In the entries below, begin at the line that has "Arpillera of a Market Scene" and stop after the line that has "Baby Pique Sleeve Stripe Shirts Women"; output those lines exactly, leaving out pictures.

Data shown –

--- --- ---

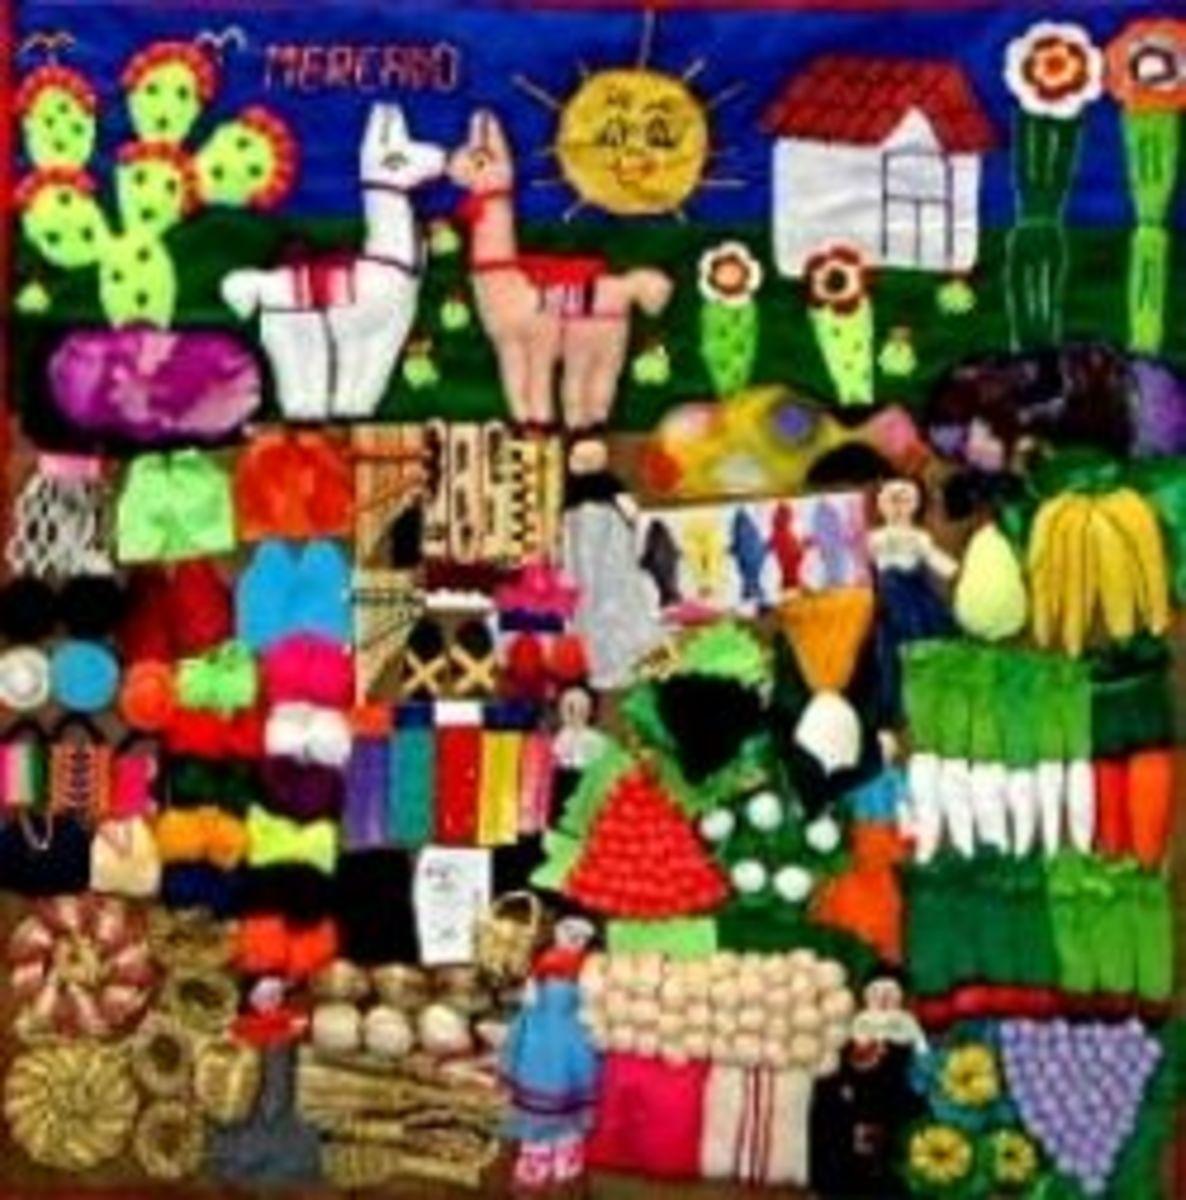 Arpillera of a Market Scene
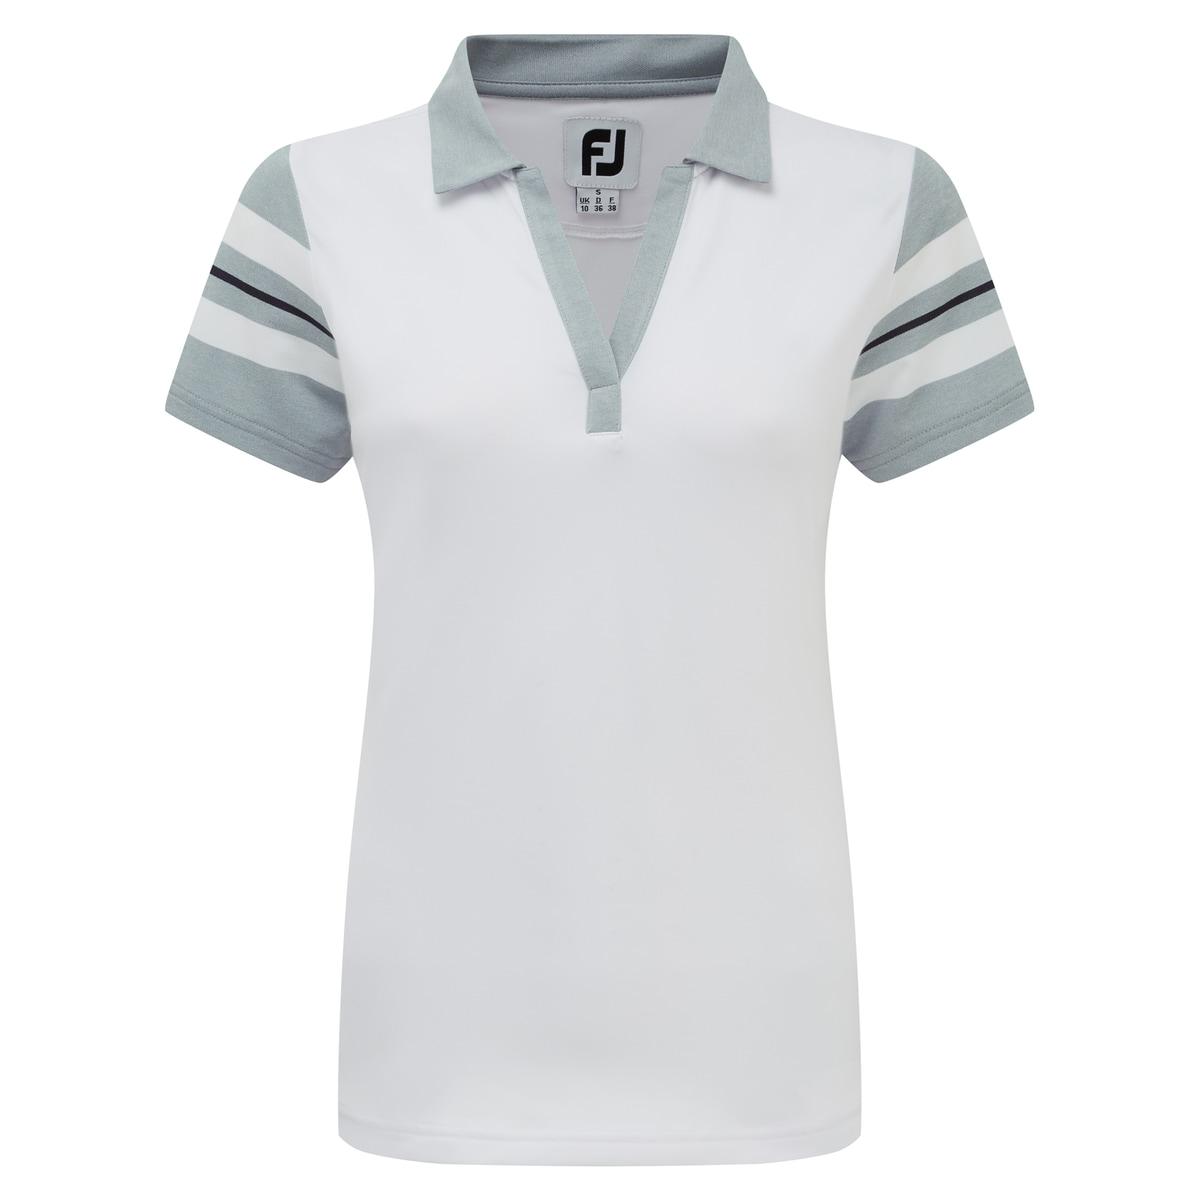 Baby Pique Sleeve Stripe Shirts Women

--- --- ---

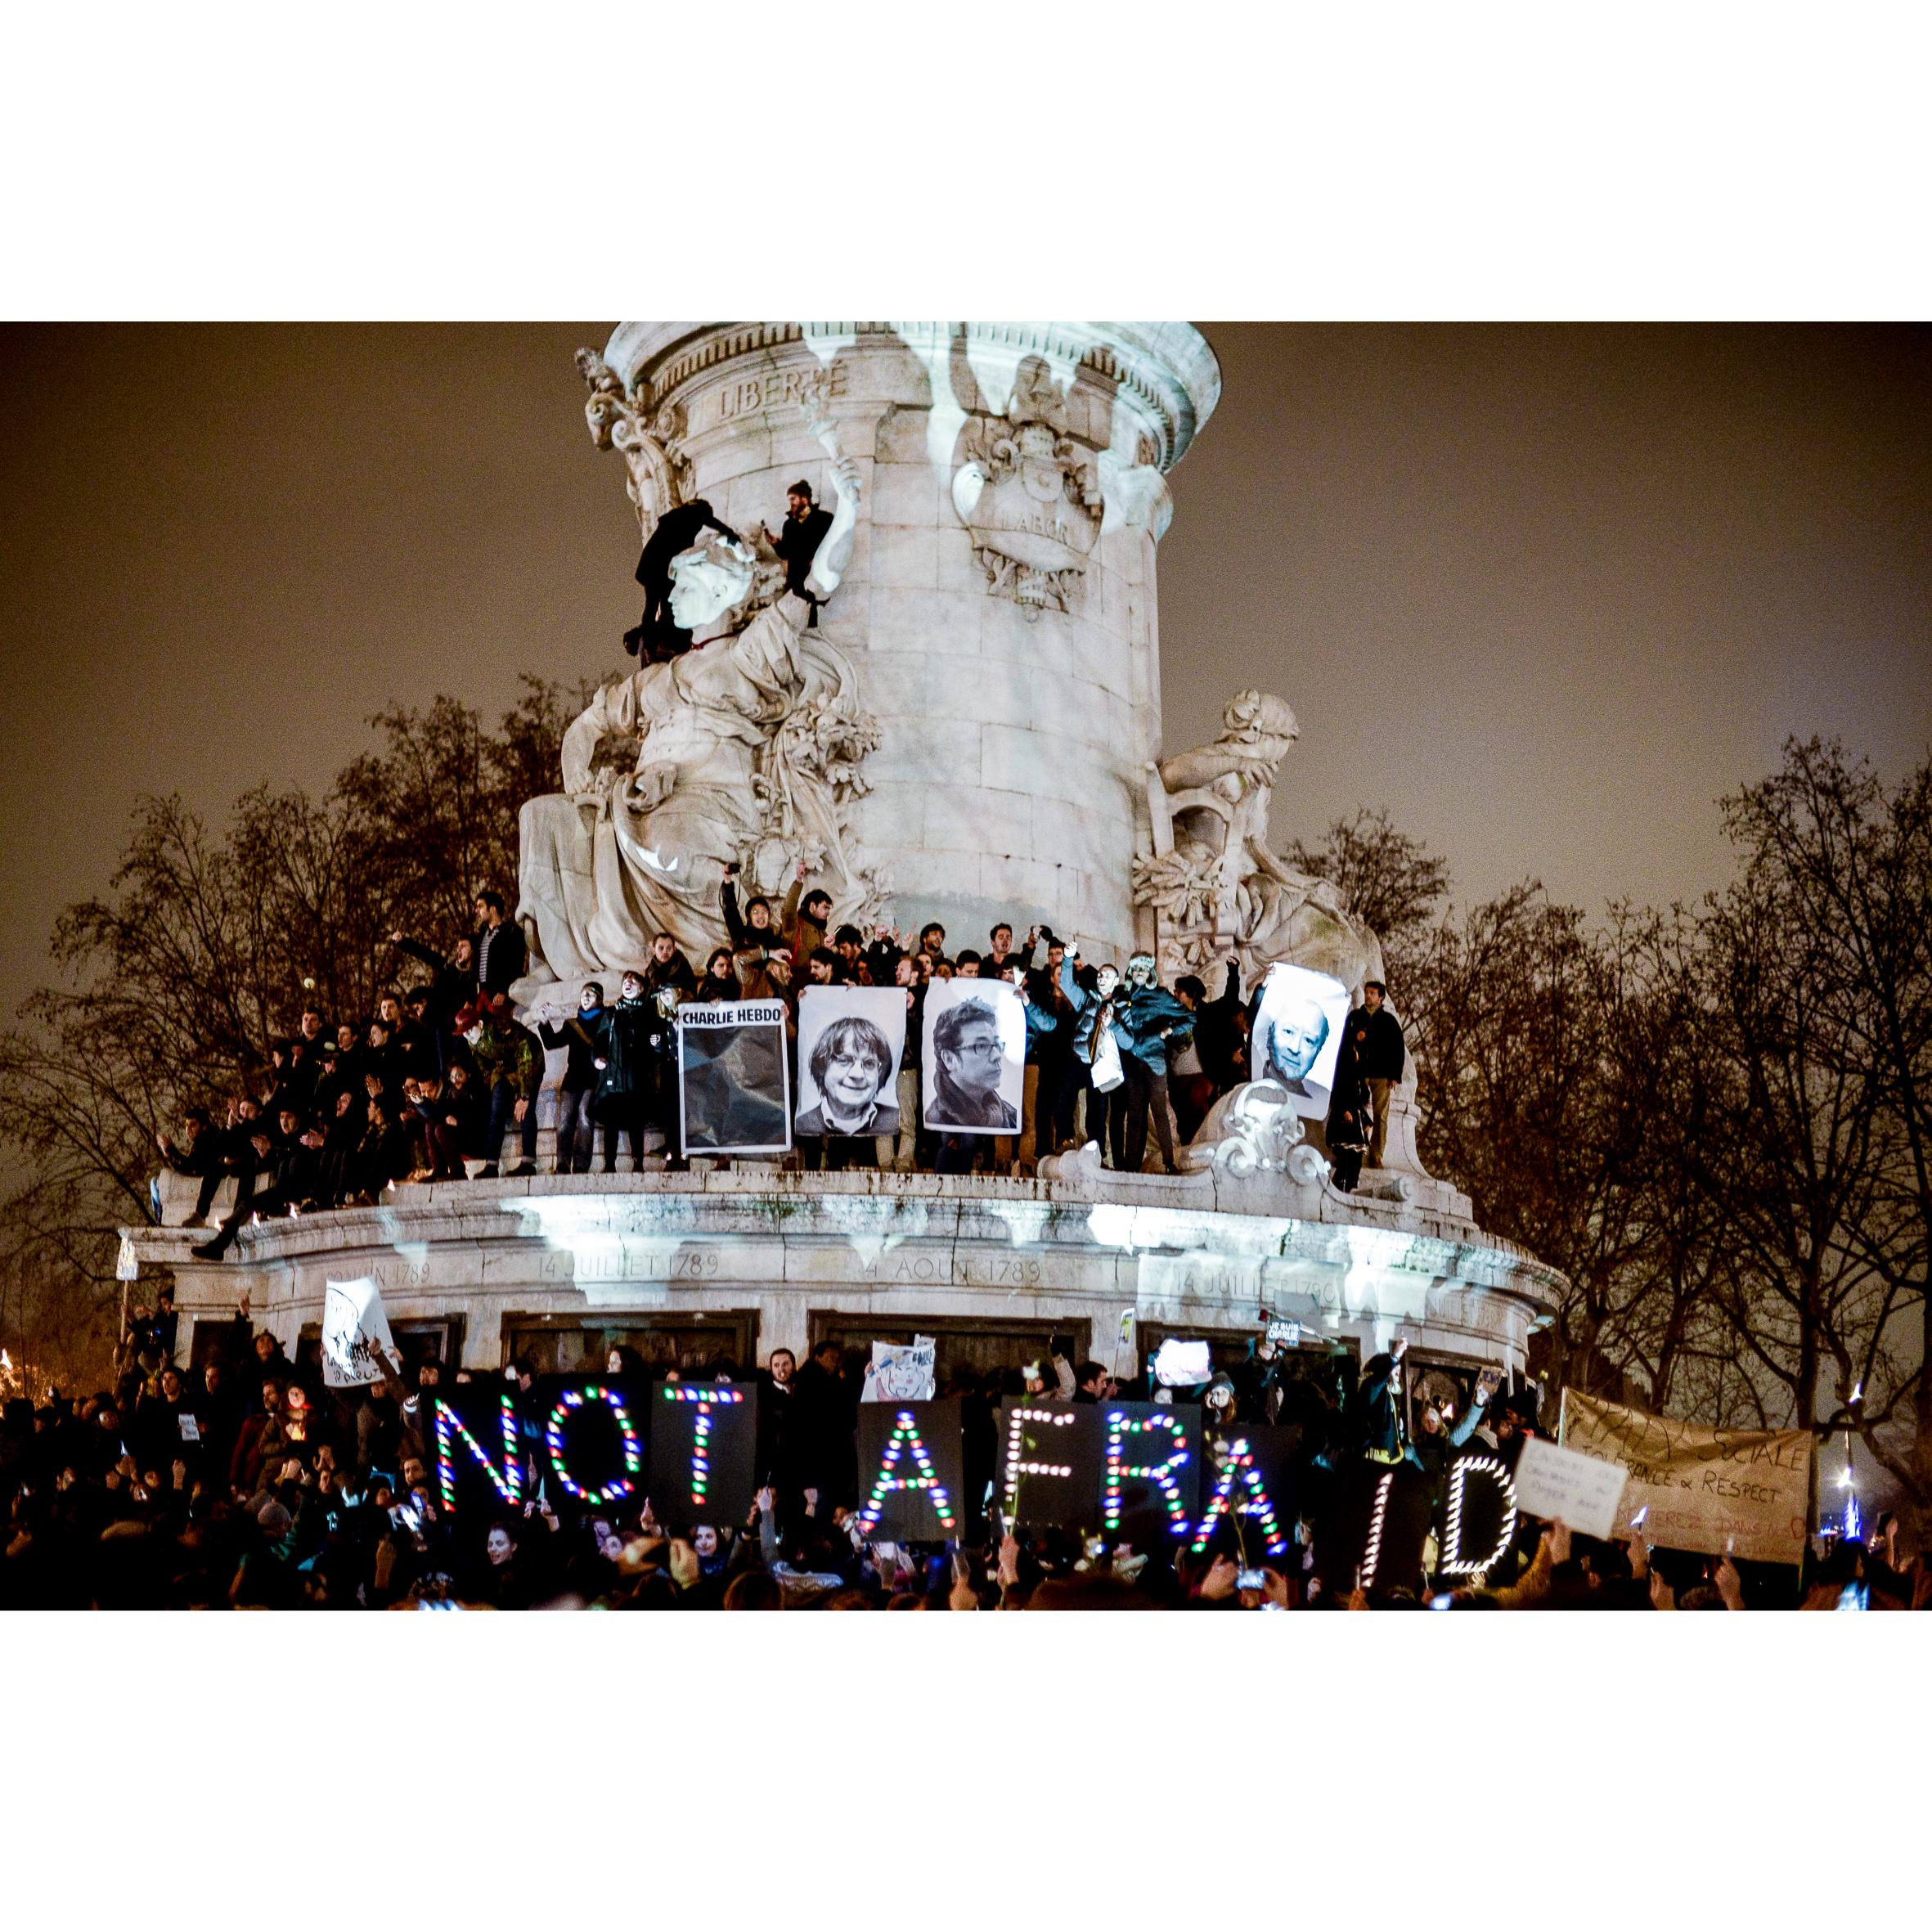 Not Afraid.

--- --- ---

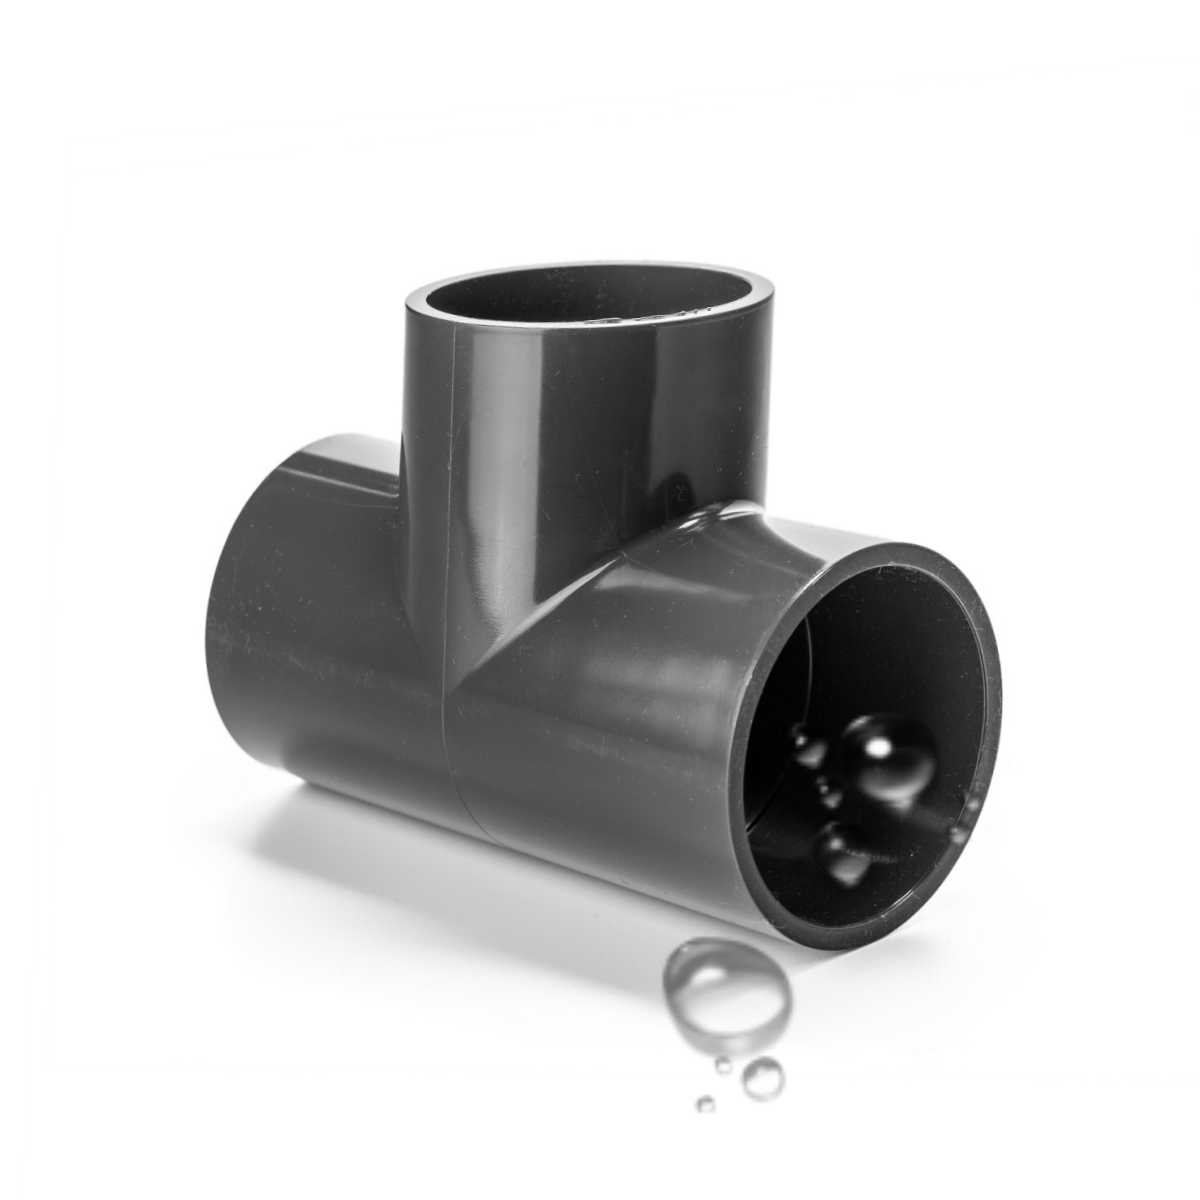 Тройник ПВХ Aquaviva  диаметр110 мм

--- --- ---

Reply to the exercise –
 Arpillera of a Market Scene
 Baby Pique Sleeve Stripe Shirts Women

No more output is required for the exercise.